When assessing the pancreas, the size of the different parts (head, body, and
tail) and their harmonic relation, contour, echogenicity of the pancreatic
parenchyma, and the diameter of the pancreatic duct are evaluated [6 ].
Complete assessment of the whole pancreatic organ is essential for detecting and
excluding a pancreatic pathology. Particular attention should be directed to
ductal changes, which may be the result of aging processes of the parenchyma
[1 ]
[3 ] as well as early signs of chronic pancreatitis and especially
neoplastic pancreatic lesions, including pancreatic ductal adenocarcinoma (PDAC)

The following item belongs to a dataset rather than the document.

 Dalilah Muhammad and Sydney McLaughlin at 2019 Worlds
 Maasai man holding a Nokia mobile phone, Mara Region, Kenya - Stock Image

and its important differential diagnoses [36 ]
[37 ]
[38 ]
[39 ]
[40 ].
Pancreatic size and volume
Pancreatic size and volume
The head of the pancreas is imaged in transverse and longitudinal sections. The
transverse diameter and the anteroposterior diameter are measured at the head of the
pancreas in its largest dimensions [6 ]
[41 ]
[42 ]
[43 ]
[44 ]
[45 ]
[46 ]. The pancreatic body is
viewed in a transverse section. The most reproducible and, therefore, reliable point
is measured at the level of the superior mesenteric artery anteroposterior from the
ventral to the dorsal contour [6 ]
[42 ]
[43 ]
[45 ]. For the tail, the maximal
orthogonal diameter is evaluated with the probe in the 10th to
11th intercostal space in the anterior axillary line [6 ]
[13 ]
[42 ]
[43 ]
[45 ].
Treiber et al. conducted a retrospective study establishing reference values for the
pancreatic head, body, and tail based on 921 patients (443 males, 478 females, aged
41±13 years old) without pancreatic disease. The pancreatic head and body were
measured from ventral to dorsal, and the tail was measured perpendicular to the main
axis of the pancreas. Normal values (5th and 95th percentile)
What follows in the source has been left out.